Despite the obvious variety of interests, it is her collection of campaign buttons and other political memorabilia that would appear to elicit the most attention. Much of the collection of over forty-three hundred buttons, lapel pins, ribbons, hand clickers, and other items pertain to presidential elections, Oklahoma politics, and special interests such as the Equal Rights Amendment, abortion, and other feminist issues. Though a committed member of the Democratic Party, Mrs. Phelps also collected the campaign paraphernalia of Republicans and those that expressed strong anti-Democratic sentiments. Of particular interest to Edna Mae was her assortment of buttons depicting FDR, Ike, Taft, Dewey, Wilkie, and William Jennings Bryan. After her death in 2001, her family donated the collection to her alma mater.
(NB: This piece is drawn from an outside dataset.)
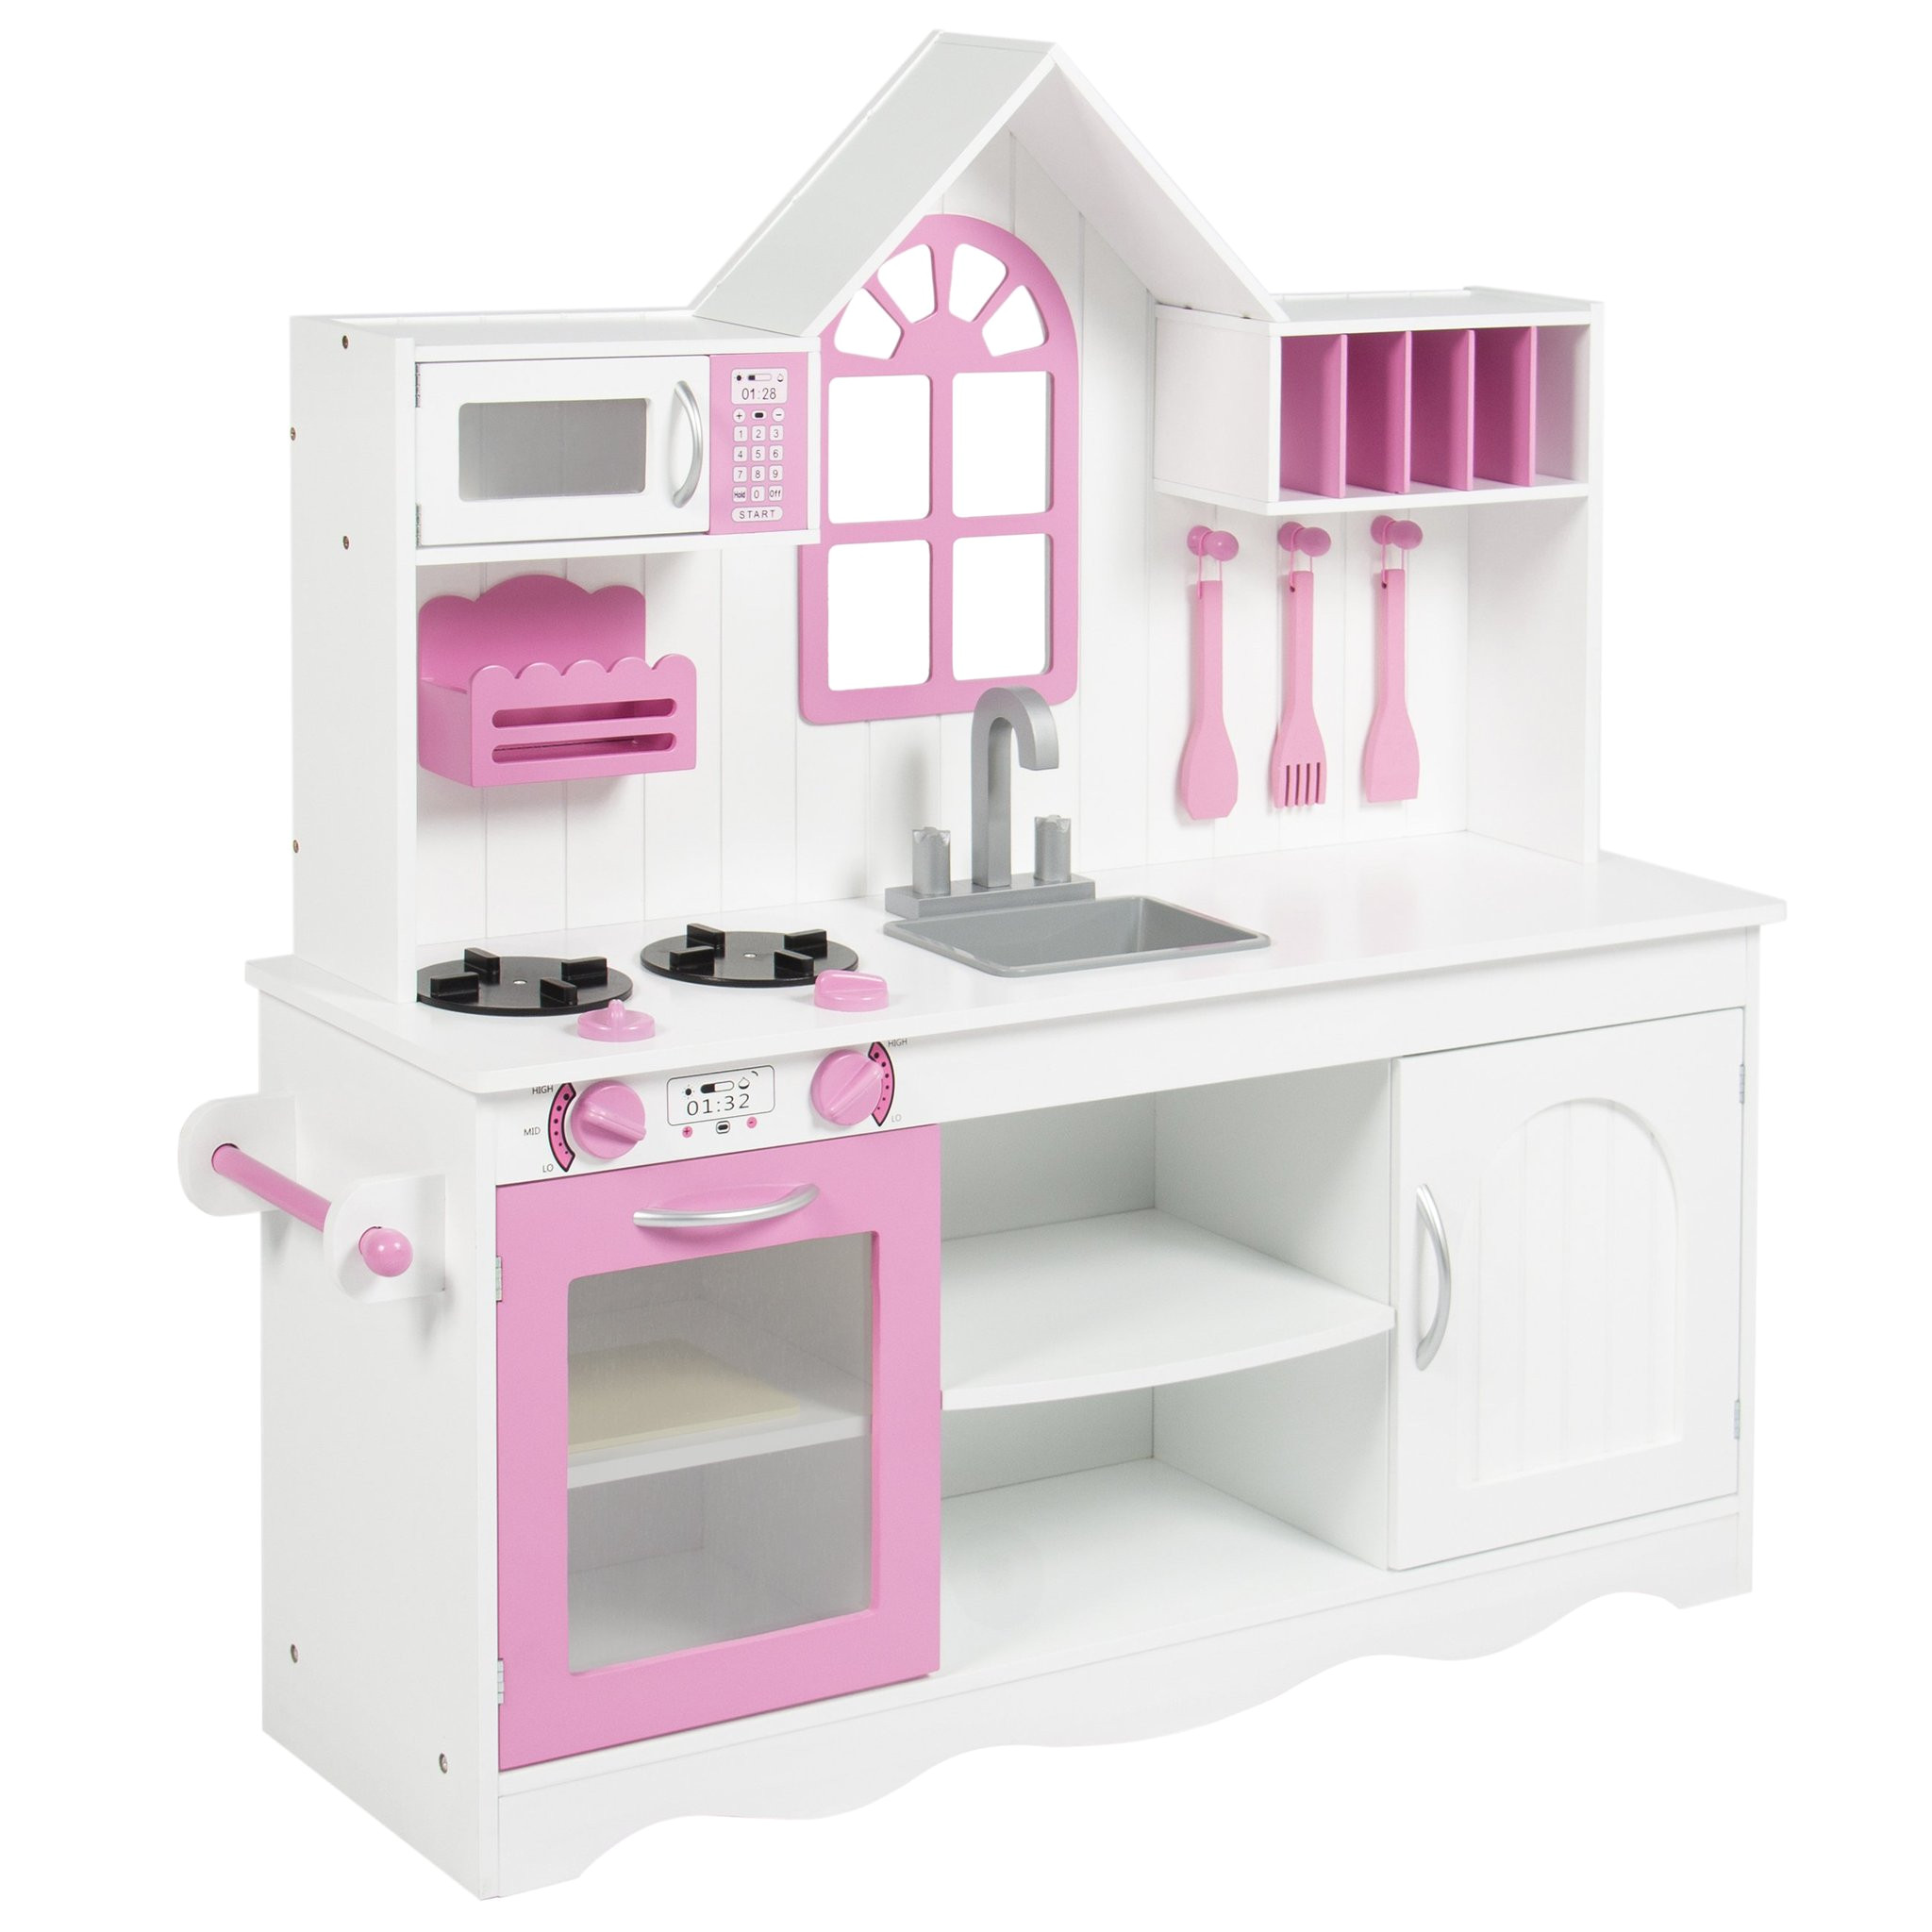 bewitching imaginarium all in one wooden kitchen set and toy wood kitchen home decor gallery

It is currently located in the Edmon Low Library Special Collections & University Archives.
Though Edna Mae was much loved and admired by those she met in her life, it was her family that gave her the most joy. She met her husband, Joe E. Phelps, at Oklahoma A & M College and lived in California while he served his enlistment in the United States Navy as a submarine officer in the Pacific Theatre. After the war, Joe and Edna Mae returned to Seminole where their sons, Ronald and Mark, were born. During the 1950s, Joe Phelps formed a civil engineering partnership that designed and constructed buildings, roads, bridges, lakes and water and waste systems throughout Oklahoma. It was during this period that, he too, became involved in Oklahoma politics, counting both Governor Raymond Gary and Senator Gene Stipe among his closest confidants. Joe died in 2005. The Phelps are survived by their sons, Ronald and Mark, their daughters-in-law, Judy and Bonnie, and granddaughters, Lauren Shatzel and Lane Phelps. Lauren, much to Joe and Edna Mae’s delight, graduated from Oklahoma State University in 2002. Lane received her degree in 2005.